_Dataset extract_:
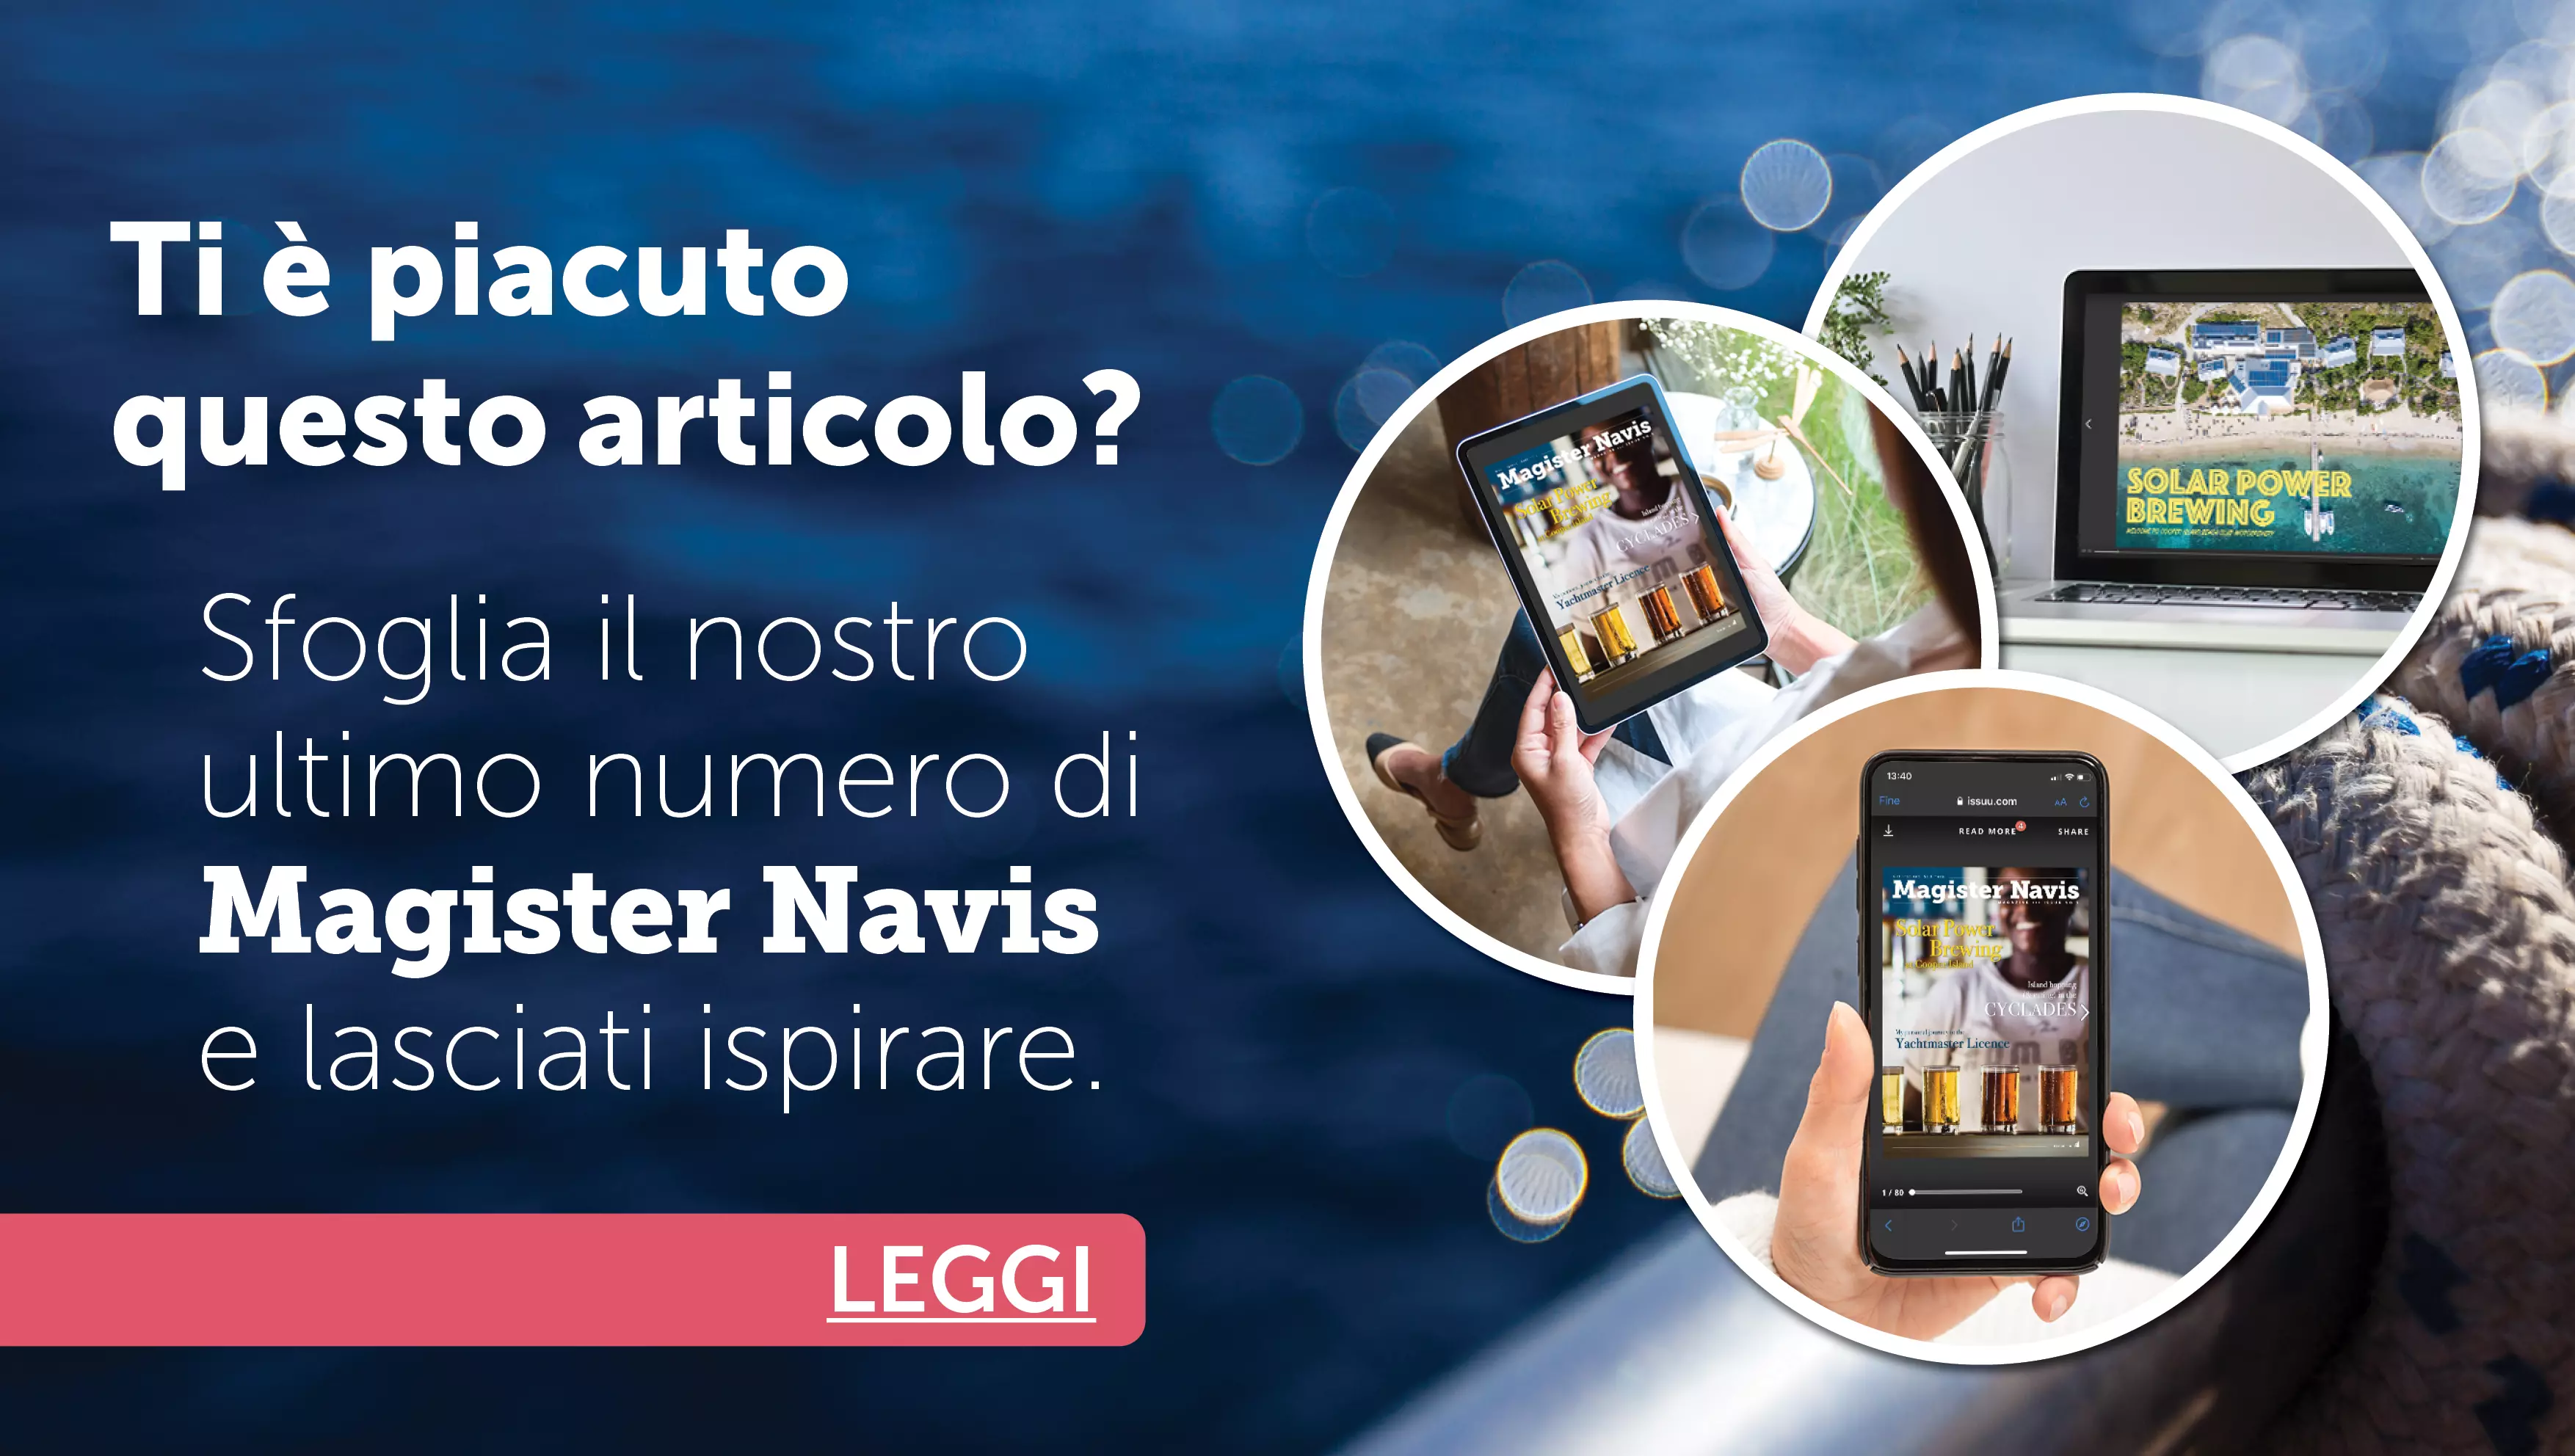 Magister Navis international Issue number 3
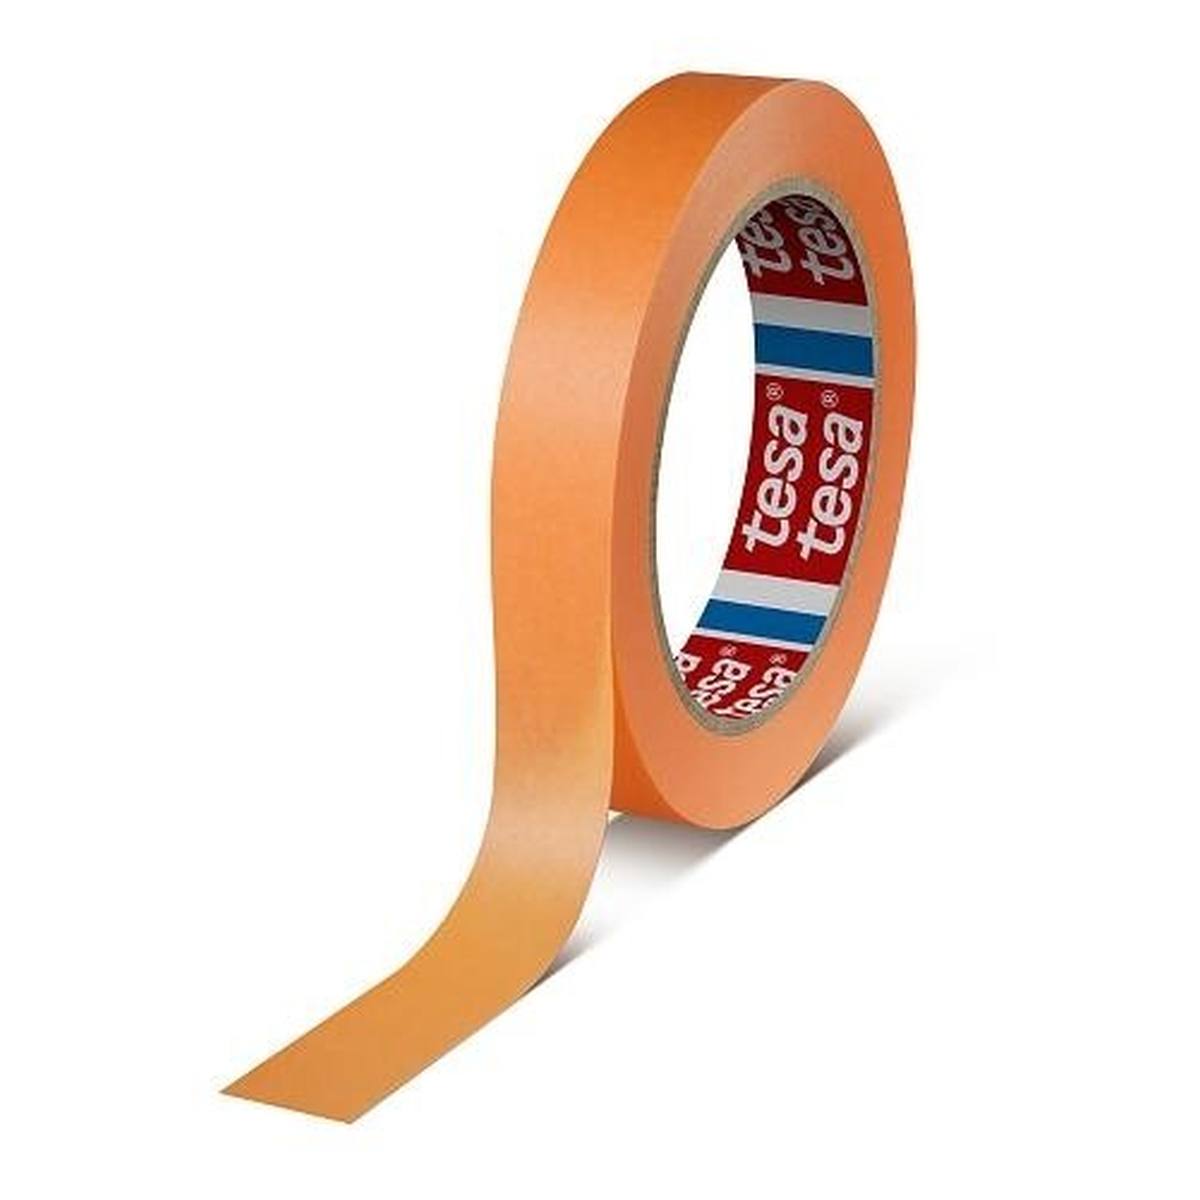 Tesakrepp 4342 Precision crepe washi tape 19mmx50m orange
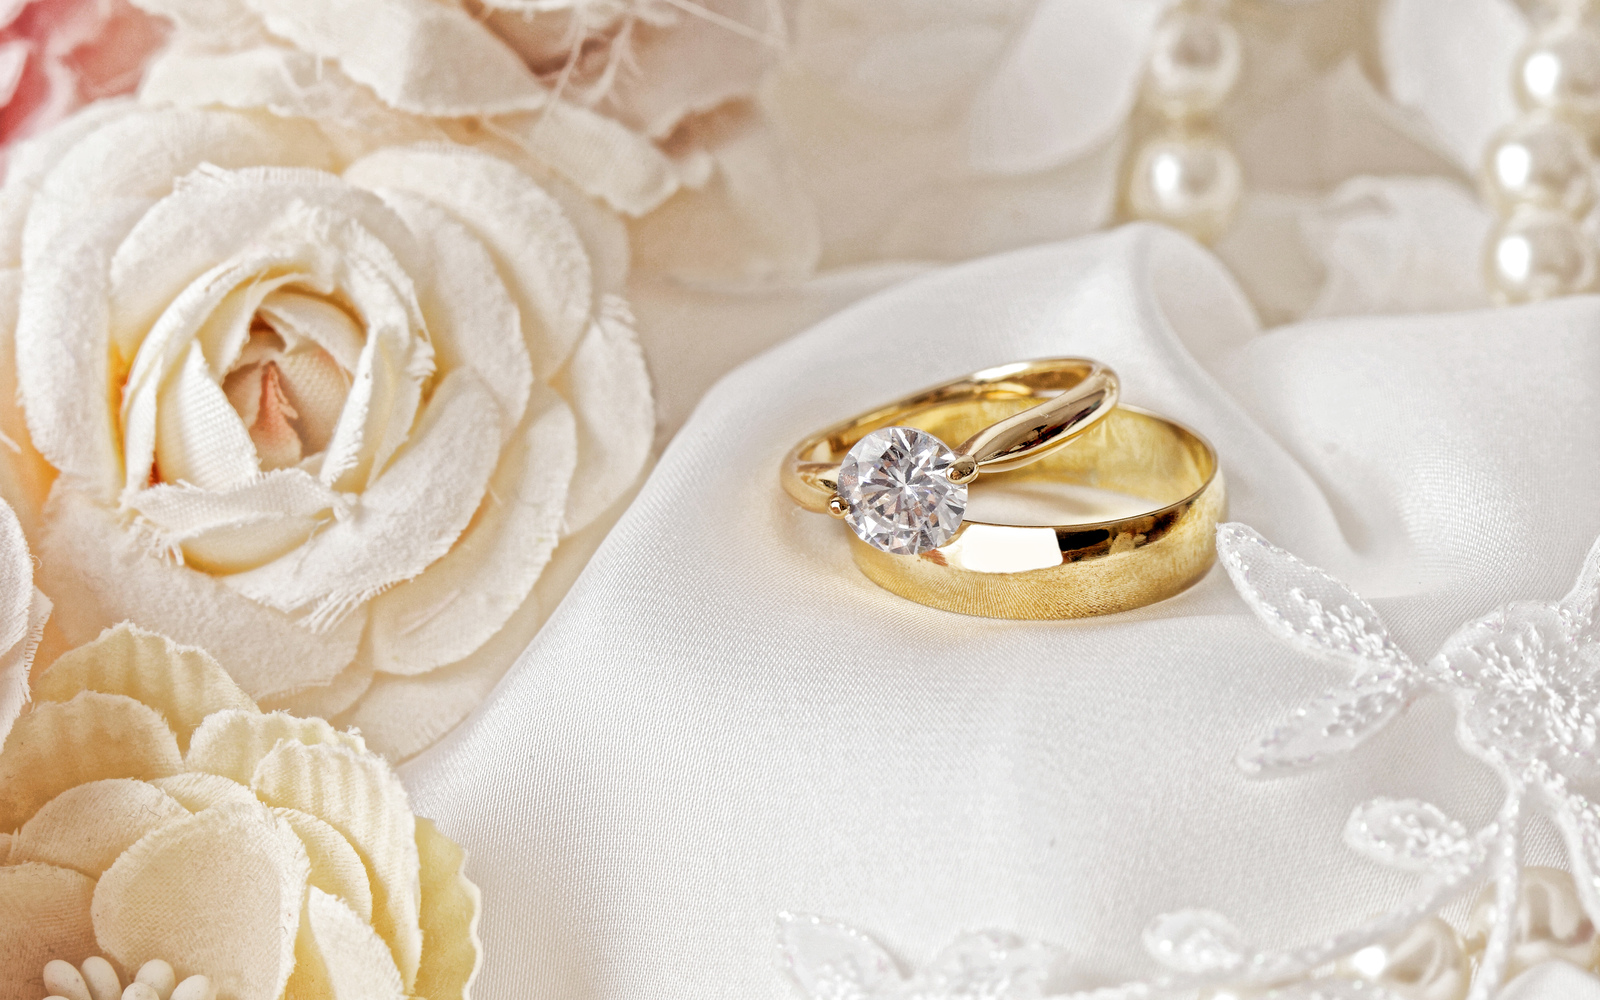 wedding-rings-wedding-concepts-gold-rings-roses-rings-on-silk-fabric.jpg
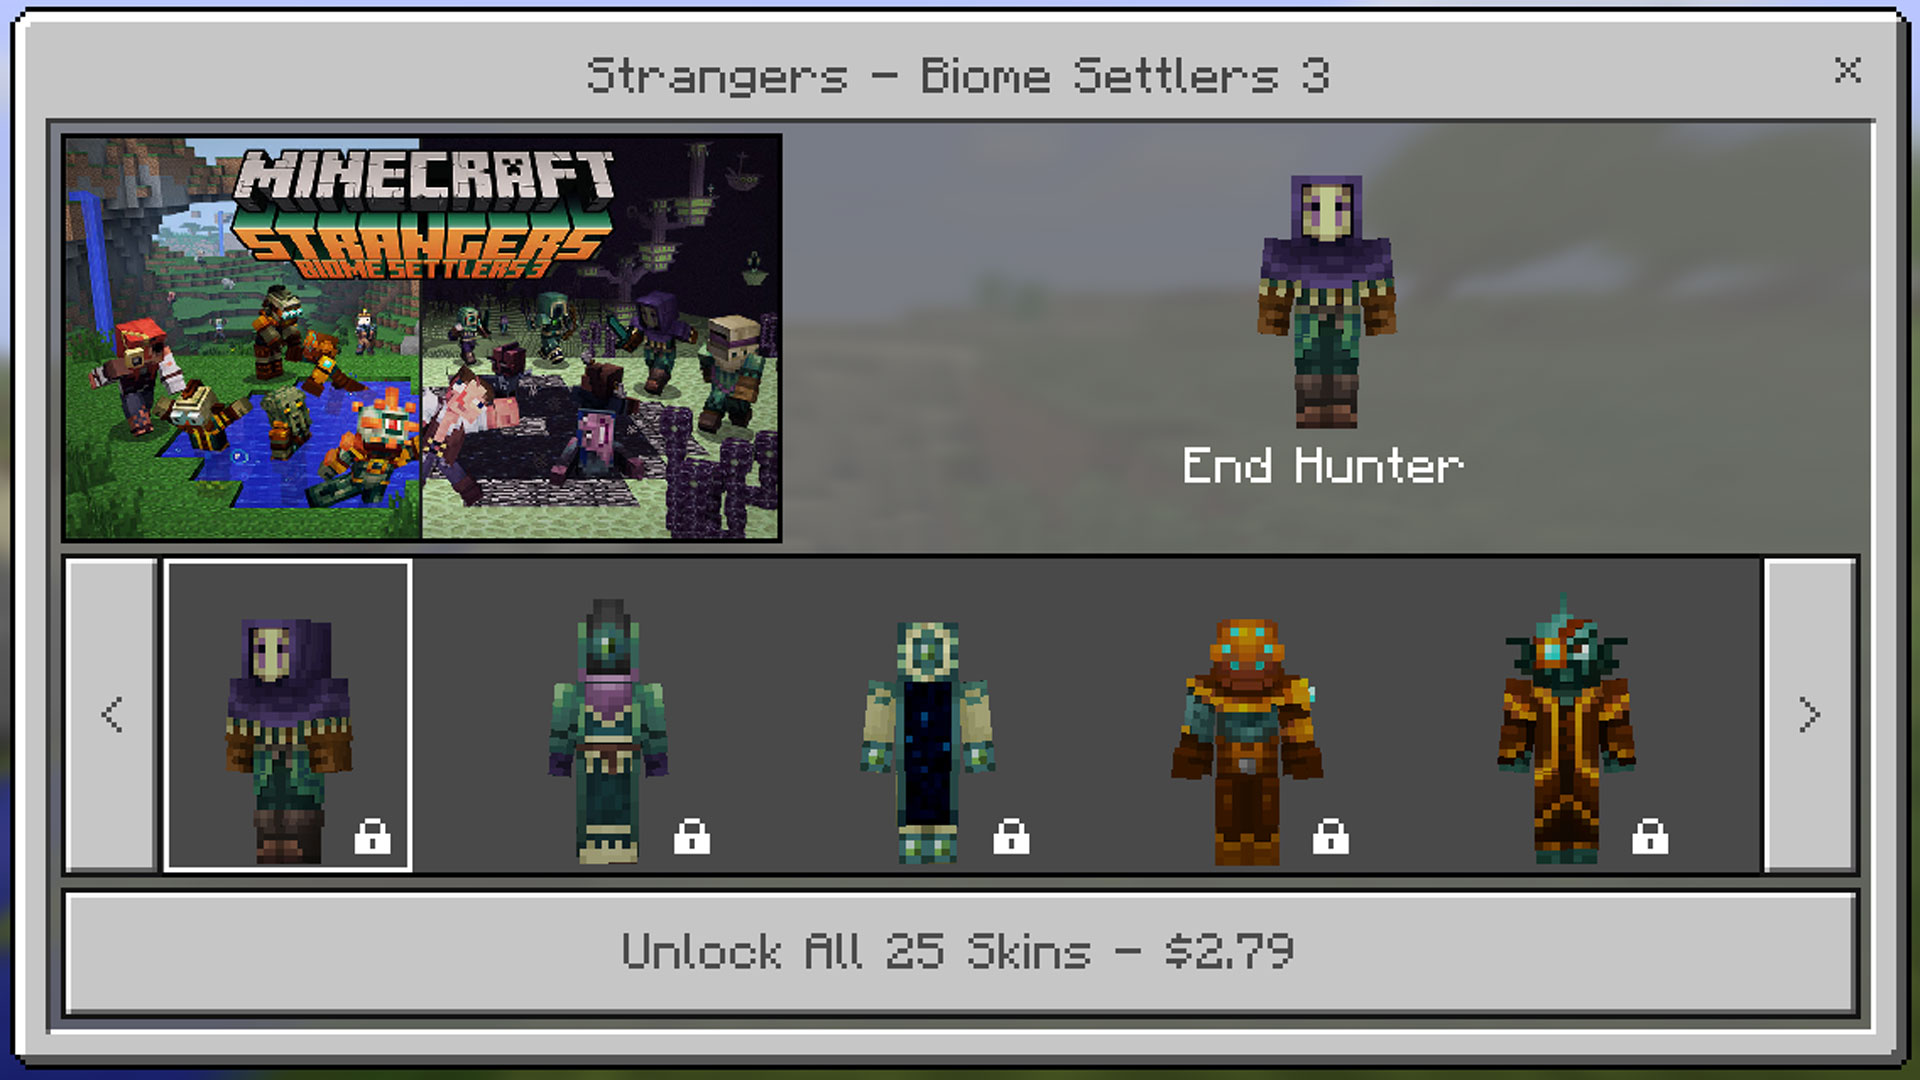 Minecraft Pocket Edition: Biome Settlers 3 Strangers Skin Pack

_Required action_: Except for the pictures, print the data above exactly.

_Exercise output_:
 Magister Navis international Issue number 3
 Tesakrepp 4342 Precision crepe washi tape 19mmx50m orange
 wedding-rings-wedding-concepts-gold-rings-roses-rings-on-silk-fabric.jpg
 Minecraft Pocket Edition: Biome Settlers 3 Strangers Skin Pack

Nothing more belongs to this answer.